Streik im Personenverkehr hat begonnen
Durch den erneuten Streik der Lokführer-Gewerkschaft GDL wird es für Bahnkunden aus dem RSG-Land heute und morgen schwieriger, ans Ziel zu kommen. Im Fernverkehr der Bahn fällt der Großteil der Verbindung komplett aus. Aber auch Pendler im Nahverkehr dürften den Streik zu spüren bekommen. Die S-Bahn 1 von Solingen nach Düsseldorf bzw. Dortmund ist direkt vom Streik betroffen, weil sie von der DB selbst betrieben wird. Die Bahn hat aber einen Ersatzfahrplan aufgestellt: Einmal pro Stunde soll die S1 fahren. Die S7 von Abellio und die Regionalzüge von Nationalexpress werden nicht bestreikt, weil die privaten Betreiber eigene Tarifverträge mit den Gewerkschaften haben. Durch blockierte Gleise oder nicht besetzte Stellwerke kann es trotzdem auch beim Müngstener, beim RE7 und der RB 48 zu Ausfällen und Verspätungen kommen.

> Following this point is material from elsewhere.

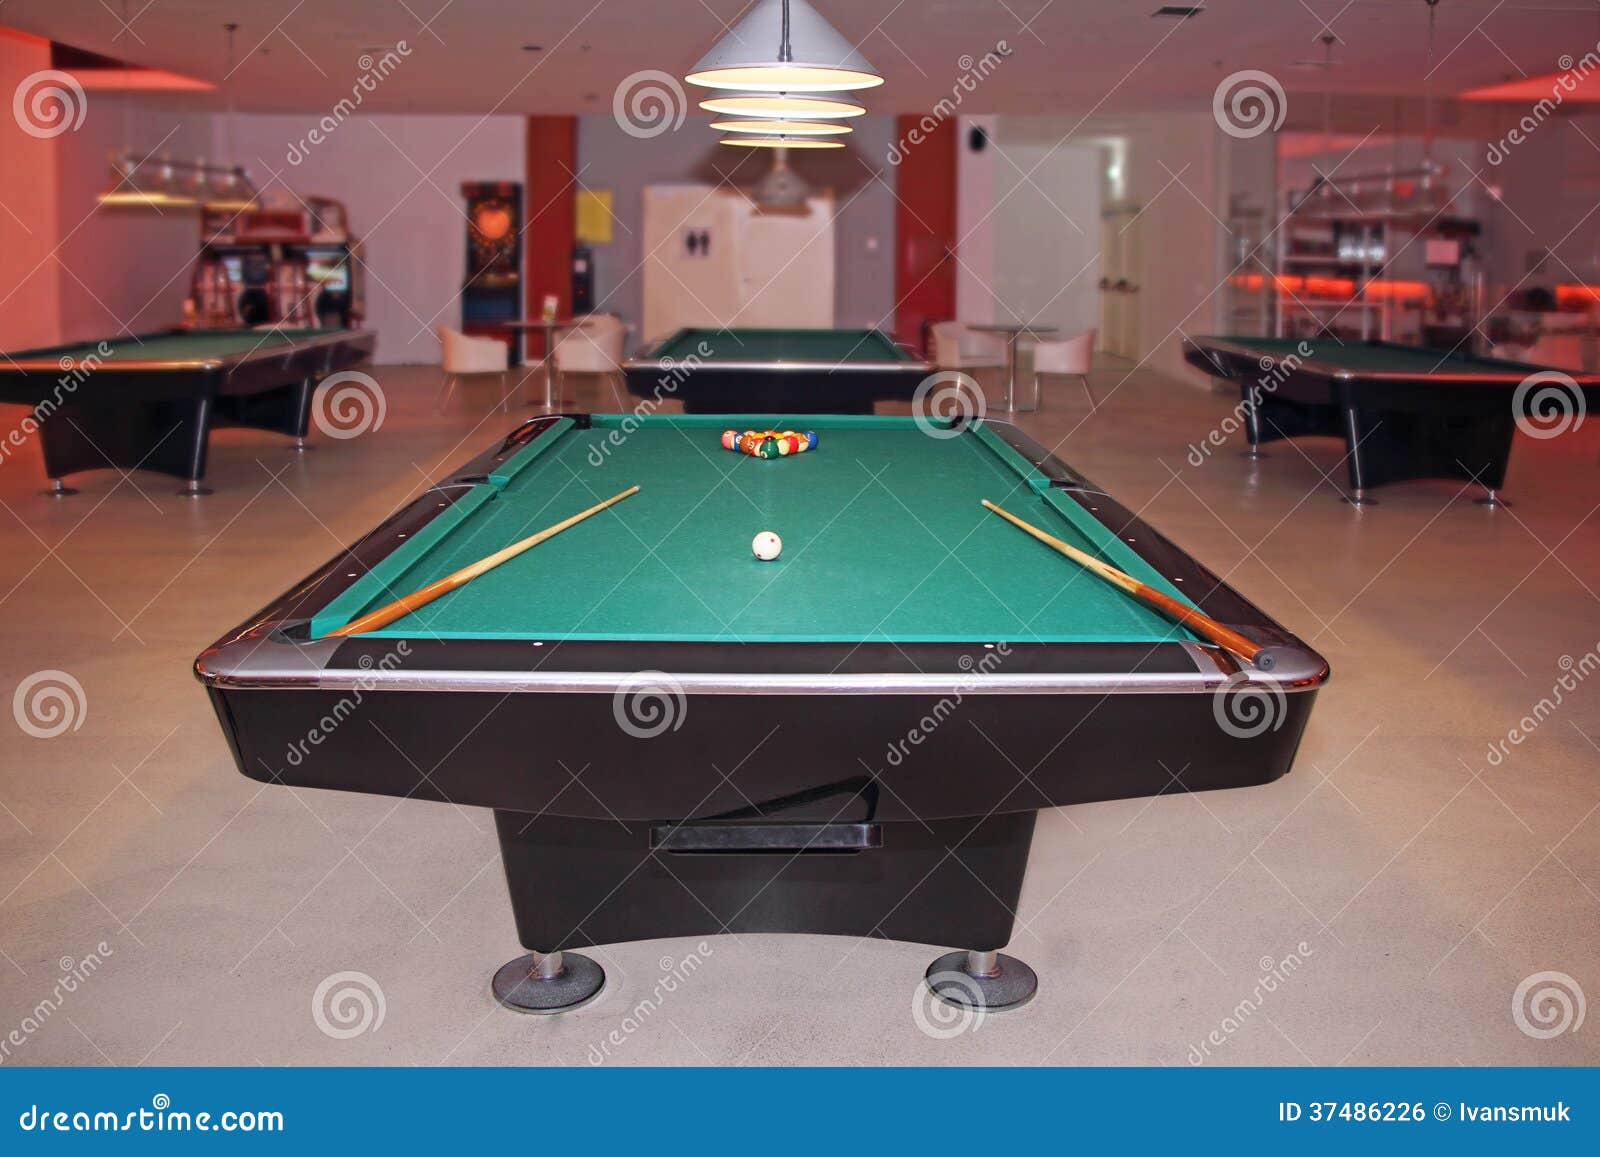 Free pool hall business plan

Der GDL-Streik im Personenverkehr geht von Montag, 2 Uhr, bis Mittwoch, 2 Uhr.
Die Deutsche Bahn hatte zuvor angekündigt für 2021 eine Corona-Prämie mit an den Verhandlungstisch zu bringen. DB-Personalvorstand Martin Seiler: "Wir haben immer gesagt, dass Lösungen rasch möglich sind. Dieser Schritt ist erneut ein starkes Signal der Einigungsbereitschaft. Mit einer Corona-Prämie kommen wir einem wichtigen Anliegen der Gewerkschaften entgegen." Die GDL hatte das Angebot der Bahn gestern als vermeintliches Scheinangebot abgelehnt.
Veröffentlicht: Montag, 23.08.2021 03:45
Infos der Deutschen Bahn zum Streik
Der zweite Streik der Gewerkschaft Deutscher Lokführer (GDL) hat auch im Personenverkehr begonnen. Im Fern- und Nahverkehr bietet die Deutschen Bahn erneut ein verlässliches Grundangebot. Die Verkehre sind stabil angelaufen.
Im Fernverkehr ist das bundesweite Angebot auf rund ein Viertel reduziert. Im Regional- und S-Bahnverkehr will die DB rund 40 Prozent der Züge fahren. Jedoch schwankt die Anzahl der angebotenen Züge je nach Region stark. Streikschwerpunkt sind erneut die östlichen Bundesländer.
Trotz des verlässlichen Grundangebots kann die DB nicht garantieren, dass alle Reisenden wie gewünscht an ihr Ziel kommen. Wer kann, sollte seine Reise auf die Zeit nach dem Streik verschieben. Wem ein Umplanen nicht möglich ist, sollte auf jeden Fall einen Sitzplatz reservieren.
Der Ersatzfahrplan für den Fern- und Regionalverkehr ist in der Fahrplanauskunft auf bahn.de und in der App DB Navigator abrufbar. Informationen dazu gibt es auch bei der kostenlosen Streikhotline unter 08000 99 66 33.
Erweiterte Kulanzregelungen
Flexible Nutzungsmöglichkeit ausgedehnt: Alle bereits gebuchten Fahrkarten des Fernverkehrs für Strecken, die vom 23. bis einschließlich 24. August vom GDL-Streik betroffen sind, behalten ihre Gültigkeit und können bis einschließlich 4. September flexibel genutzt werden. Bei entsprechenden Sparpreisen und Super Sparpreisen ist die Zugbindung aufgehoben. Für die Weiterfahrt können auch andere Züge genutzt werden, dies gilt auch für Züge des Nahverkehrs (RE, RB, IRE und S-Bahn). Zudem können Fahrkarten kostenfrei erstattet werden.
Die Fahrradmitnahme ist in den verkehrenden Fernverkehrszügen nur möglich, wenn dort bereits ein Stellplatz reserviert ist. Als Service für jene Fernverkehrsreisende mit gebuchtem Stellplatz, deren Zug streikbedingt ausfällt, bietet die DB einen kostenlosen Fahrradversand per DB Gepäckservice.